[Dataset excerpt]

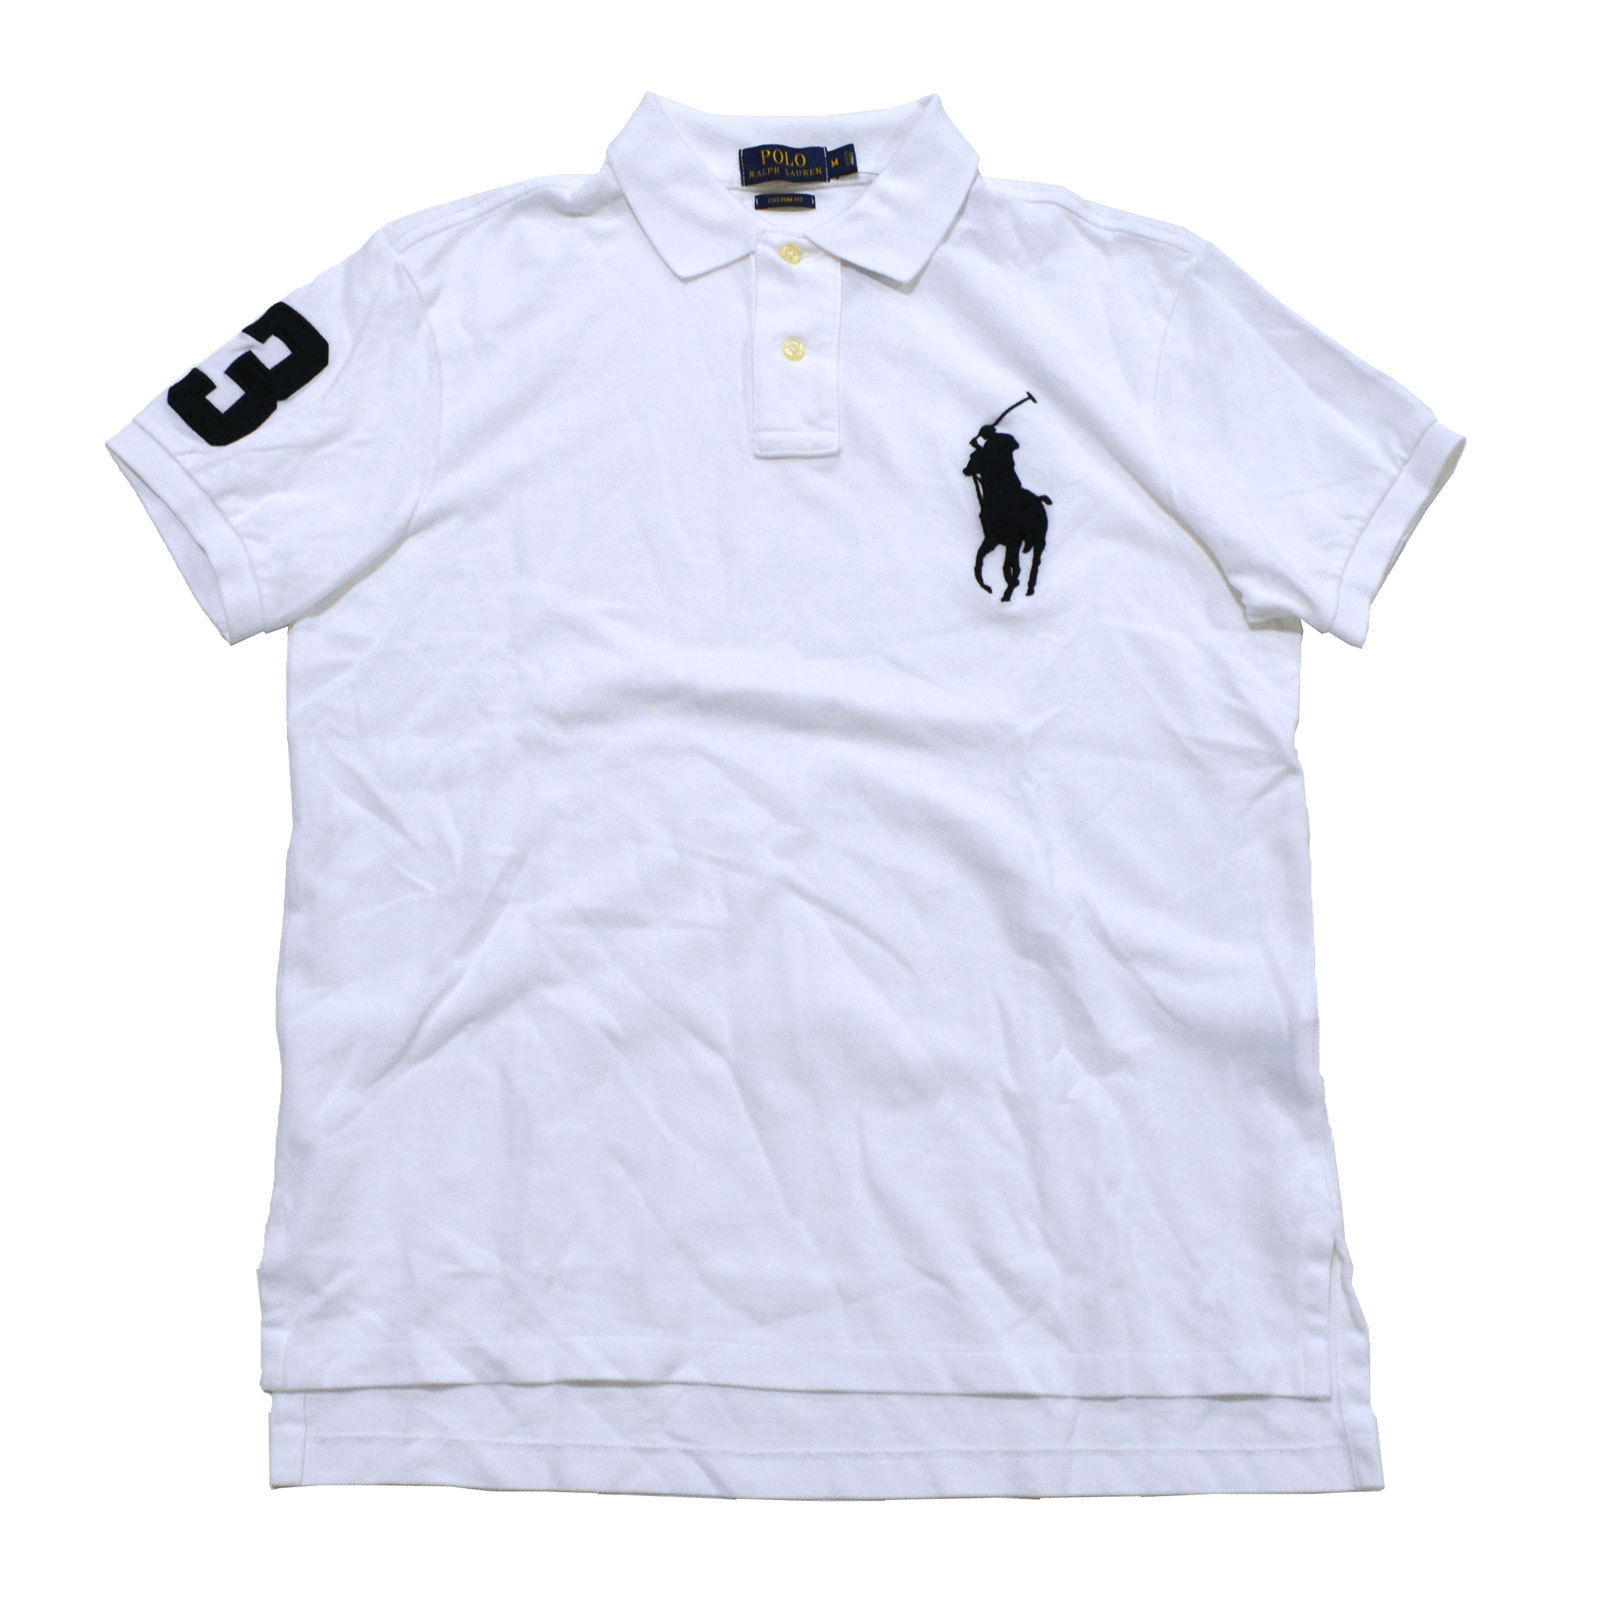 polo ralph lauren men's big pony custom fit mesh polo shirt (xl, classic white) - image 1 of 3
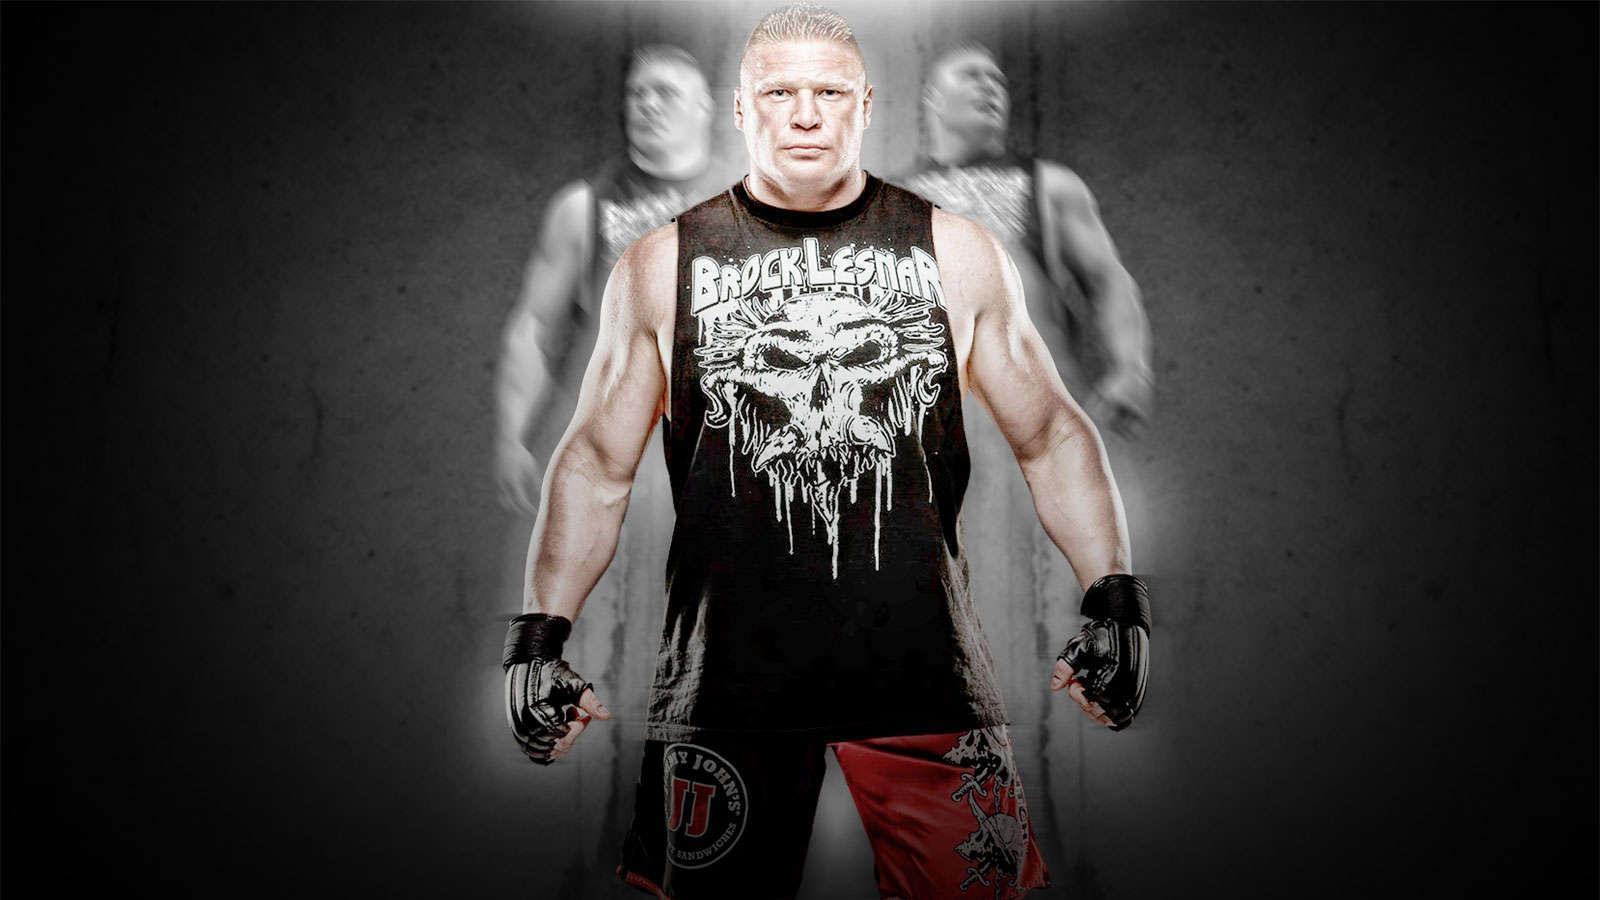 WWE Brock Lesnar 2016 HD Desktop Wallpaper Image. Most HD
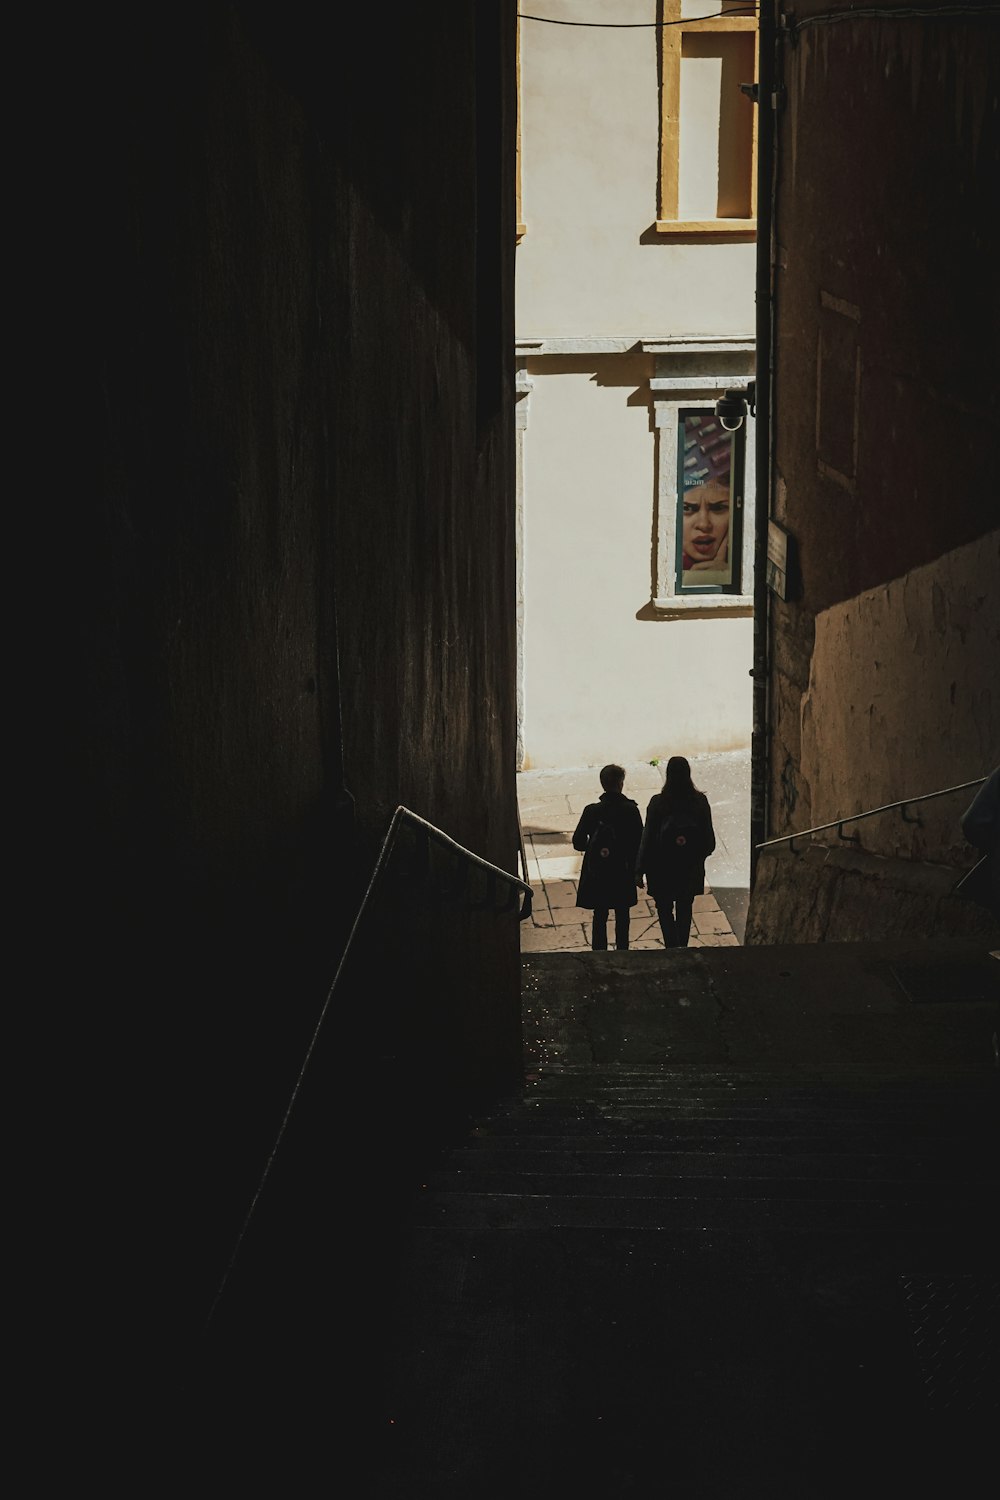 two people walking down a dark alley way
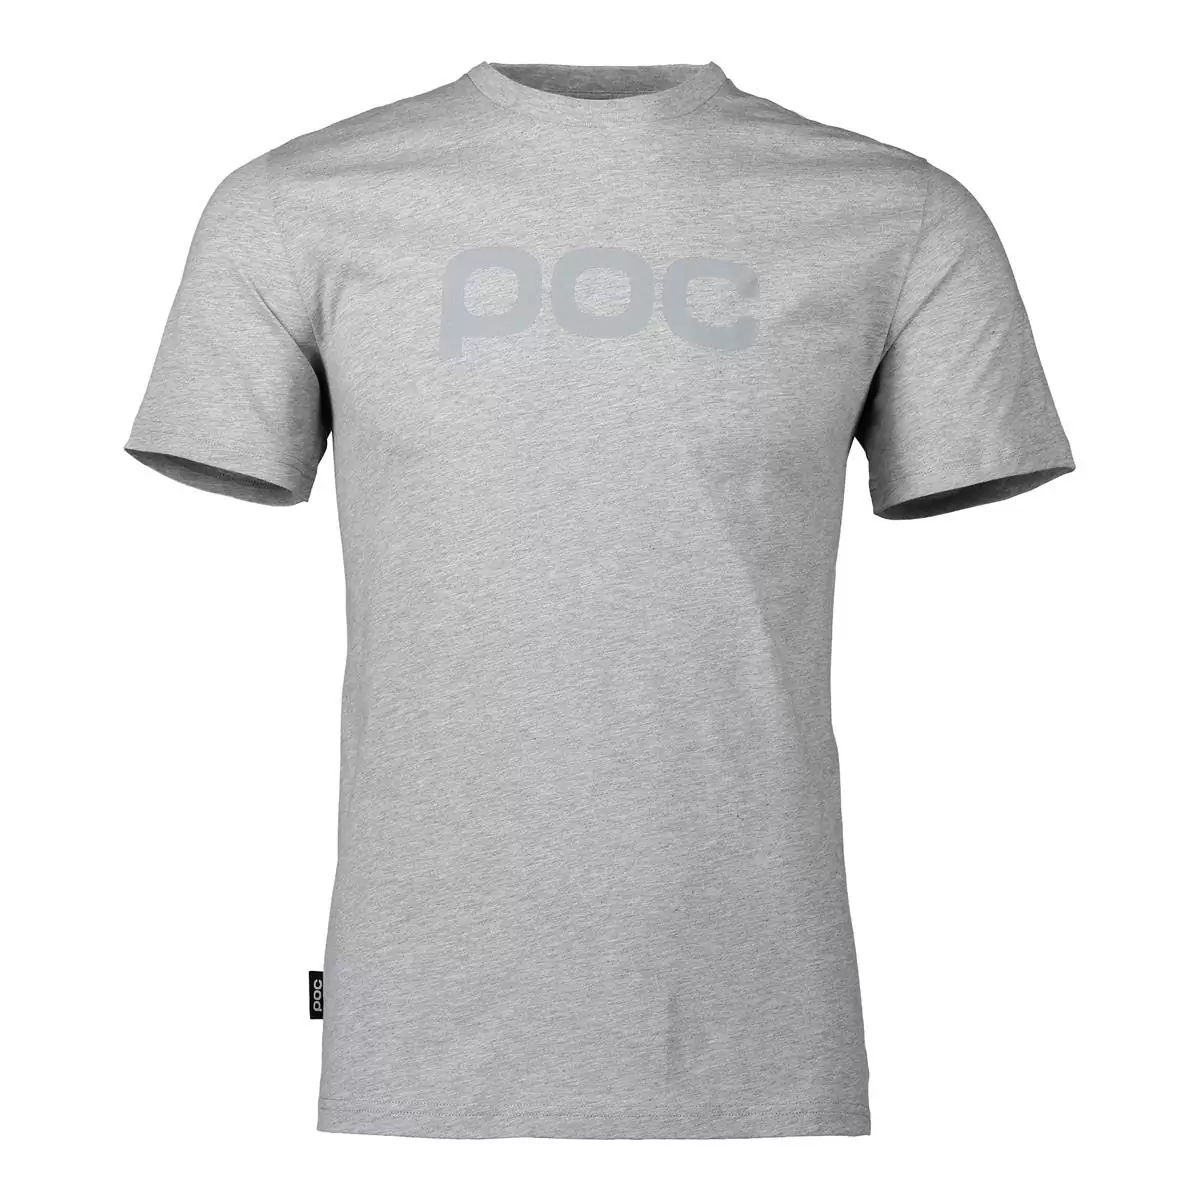 Kurzarm T-Shirt Grau Größe XL - image

[/Dataset excerpt]

**Action item**
Transcribe all of the material exactly, leaving out whatever pictures it contains.

**Exercise answer**
 polo ralph lauren men's big pony custom fit mesh polo shirt (xl, classic white) - image 1 of 3
 WWE Brock Lesnar 2016 HD Desktop Wallpaper Image. Most HD
 two people walking down a dark alley way
 Kurzarm T-Shirt Grau Größe XL - image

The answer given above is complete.